Currently there is no consensus as to which patient groups will benefit from surgical intervention over management by minimally invasive procedures. VATS (Appendix 1) enables visualisation of the pleural cavity for drainage of pus and disruption of septations. A temporary chest tube is left in place for postoperative drainage of any re-accumulated effusions (Light 2006). Open thoracotomy involves making an incision into the chest wall to gain direct access to the chest cavity. This enables complete drainage of the empyema or CPPE and direct decortication (Light 2006). Complications of both VATS and thoracotomy include postoperative pneumothorax, intercostal neuralgia and anaesthetic risks (Yim 1996). There is potentially a higher risk of postoperative complications associated with open thoracotomy as it involves a much larger incision and longer operation (Jaffé 2003), hence VATS is the more commonly performed procedure in the surgical management of empyema. Nonetheless, conversion to open thoracotomy may be required (Lardinois 2005).
Procedural management of pleural empyema involves thoracentesis and chest tube drainage. Thoracentesis involves aspirating the pleural fluid through a catheter under imaging guidance of either ultrasound or CT. Potential complications from this procedure include haemothorax, pneumothorax and lung puncture (bronchopleural fistula) (Jones 2003). Alternatively, chest tube insertion involves dissection of a small area of the chest wall muscle and the placement of a chest tube (Oddel 1994). The length of treatment is usually no longer than 7 to 10 days or when drainage is minimal, as guided by clinical or radiographic evidence of empyema resolution (or both) (Oddel 1994). In patients not responding to treatment or requiring a prolonged period of chest tube placement, surgical intervention may be considered. Complications associated with tube thoracostomy include chest tube malposition, tissue trauma and re-expansion pulmonary oedema (Miller 1987).
Intrapleural fibrinolysis uses a mixture of streptokinase and streptodornase and is an adjunct to chest tube drainage to facilitate fibrinolysis of loculations (Tillett 1951). Side effects due to impurities led to a decline in its use but the availability of a more purified form and successful trial of urokinase have led to a reappraisal of this modality (Aye 1991; Temes 1996).
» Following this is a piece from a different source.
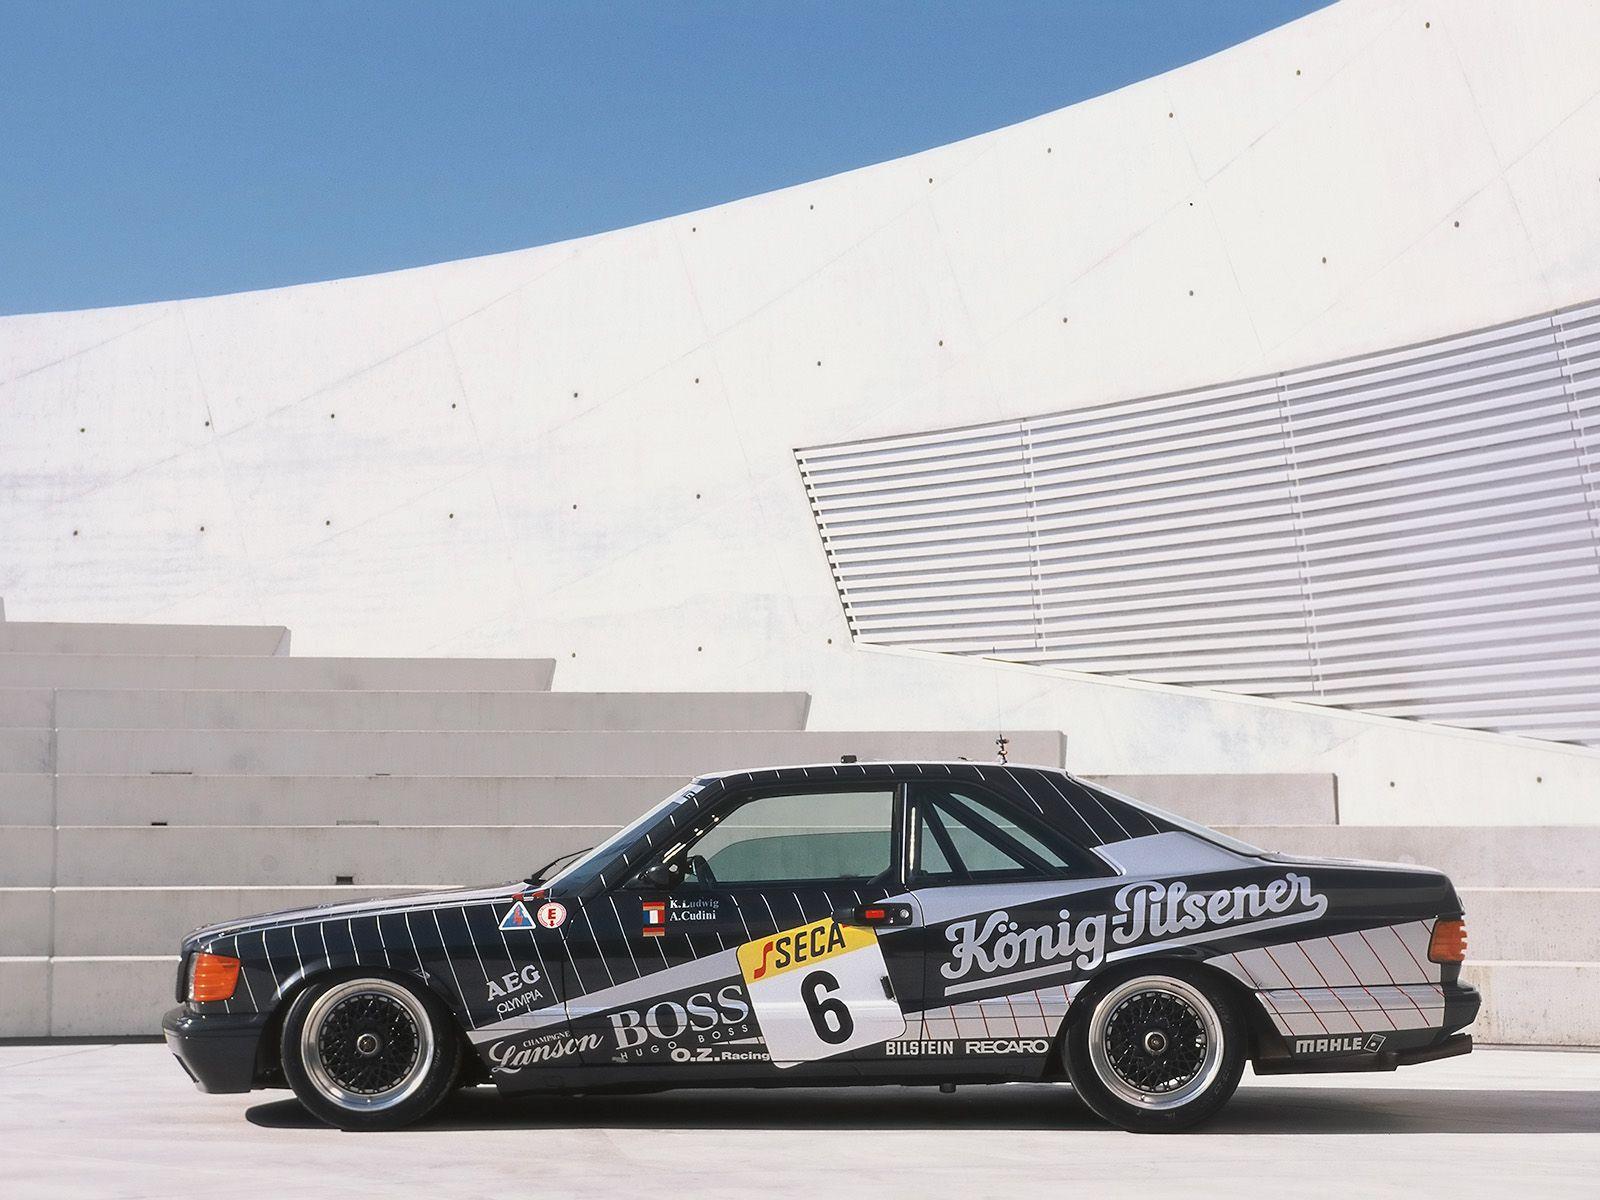 How many amg 6 0 4v w126 sec and sel cars were built amg side shot - Mercedes Sec Amg

More recently, a 2008 Cochrane Review by Cameron et al concluded that intrapleural fibrinolytic therapy conferred significant benefit in reducing the requirement for surgical interventions. However, when subgroup analysis was performed on high-quality trials, the benefit was not significant (Cameron 2008).
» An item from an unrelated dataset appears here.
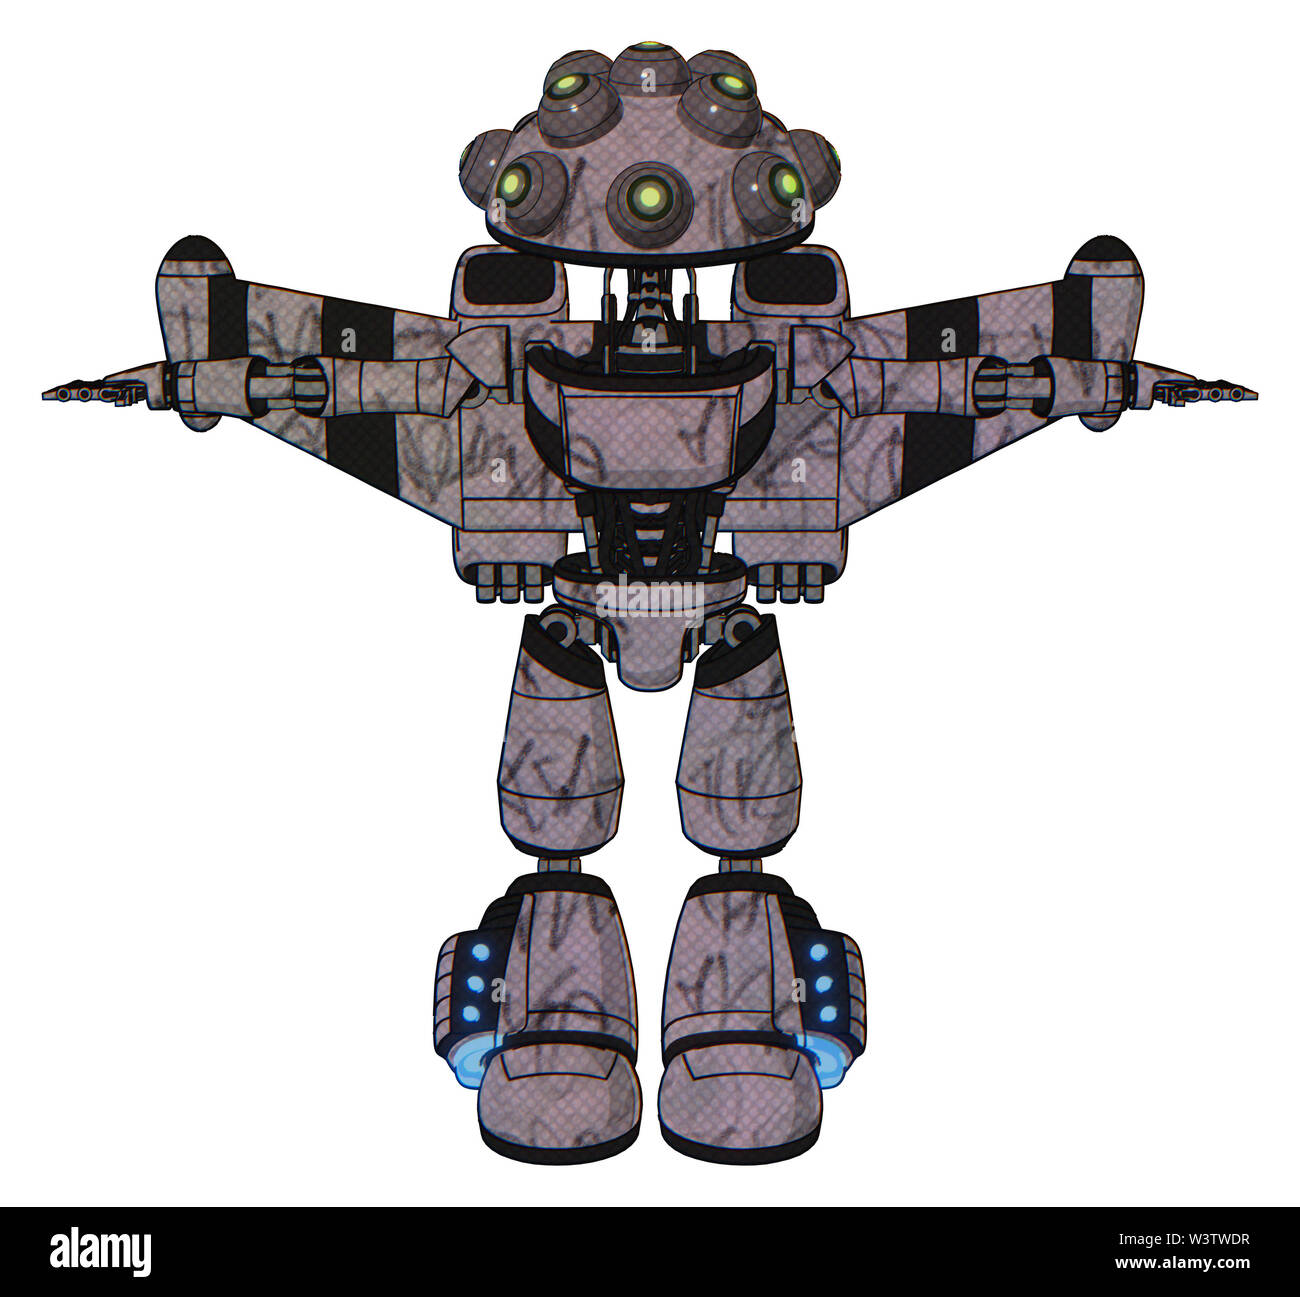 Automaton containing elements: many robo-eye domehead design, light chest exoshielding, ultralight chest exosuit, stellar jet wing rocket pack, light - Stock Image

Why it is important to do this review
There are various surgical and non-surgical options for the treatment of CPPE and pleural empyema currently used in practice, yet there is no clear consensus on optimal methods for intervention. Coote's 2005 review of the topic concluded that there were insufficient large trials to suggest the use of any particular intervention (Coote 2005). Our review aims to reconcile the issue by comparing the results of surgical and non-surgical therapies for the treatment of CPPE and pleural empyema, thereby providing clinicians with evidence-based guidance for its management.